- Interactive map of Charoen Rat
- Coordinates: 19°23′25″N 99°46′42″E﻿ / ﻿19.3902°N 99.7782°E
- Country: Thailand
- Province: Phayao
- Amphoe: Mae Chai

Population (2020)
- • Total: 3,807
- Time zone: UTC+7 (TST)
- Postal code: 56130
- TIS 1099: 560706

= Charoen Rat =

Charoen Rat (เจริญราษฎร์, /th/) is a tambon (subdistrict) of Mae Chai District, in Phayao Province, Thailand. In 2020, it had a total population of 3,807 people.

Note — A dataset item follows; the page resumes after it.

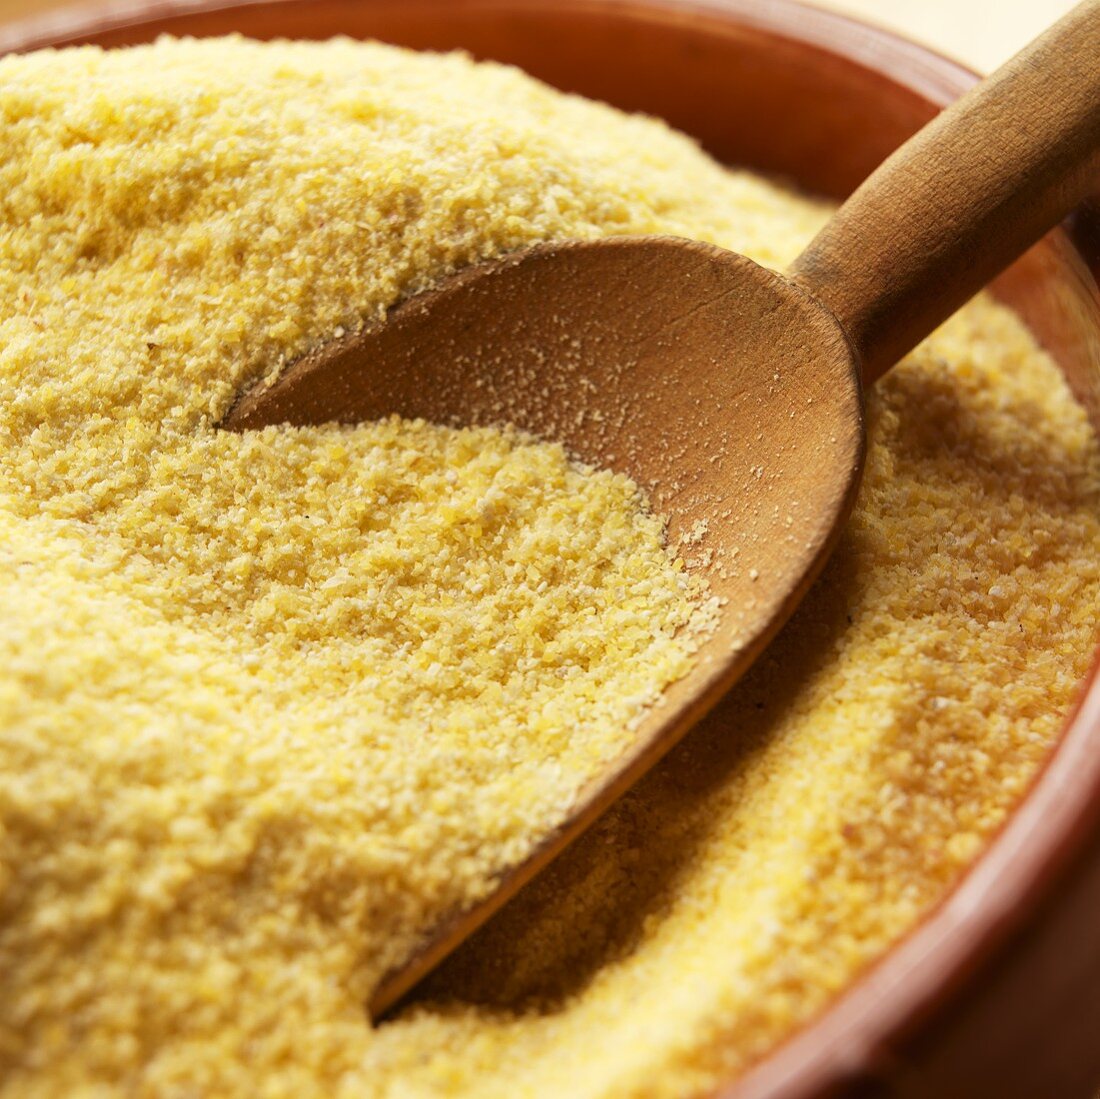 Bowl of Cornmeal with Wooden Scoop

The subdistrict is in the northwestern part of the province not far from the border with Chiang Rai Province. It lies along the National Road 1 (Phahon Yothin Road) and is connected by road to Pa Faek in the north and Mae Chai and Phayao in the south.

==History==
The subdistrict was created effective August 1, 1988 by splitting off 8 administrative villages from Pa Faek.

==Administration==

===Central administration===
The tambon is subdivided into 8 administrative villages (muban).

| No. | Name | Thai |
|---|---|---|
| 01. | Ban Pa Miang | บ้านป่าเมี้ยง |
| 02. | Ban Phichit Phatthana | บ้านพิจิตรพัฒนา |
| 03. | Ban Ton Phueng | บ้านต้นผึ้ง |
| 04. | Ban Huai Charoen Rat | บ้านห้วยเจริญราษฎร์ |
| 05. | Ban San Ton Muang | บ้านสันต้นม่วง |
| 06. | Ban San Muang Mai | บ้านสันม่วงใหม่ |
| 07. | Ban San Sali | บ้านสันสลี |
| 08. | Ban San Don Kaeo | บ้านสันดอนแก้ว |

===Local administration===
The whole area of the subdistrict is covered by the subdistrict municipality (Thesaban Tambon) Charoen Rat (เทศบาลตำบลเจริญราษฎร์).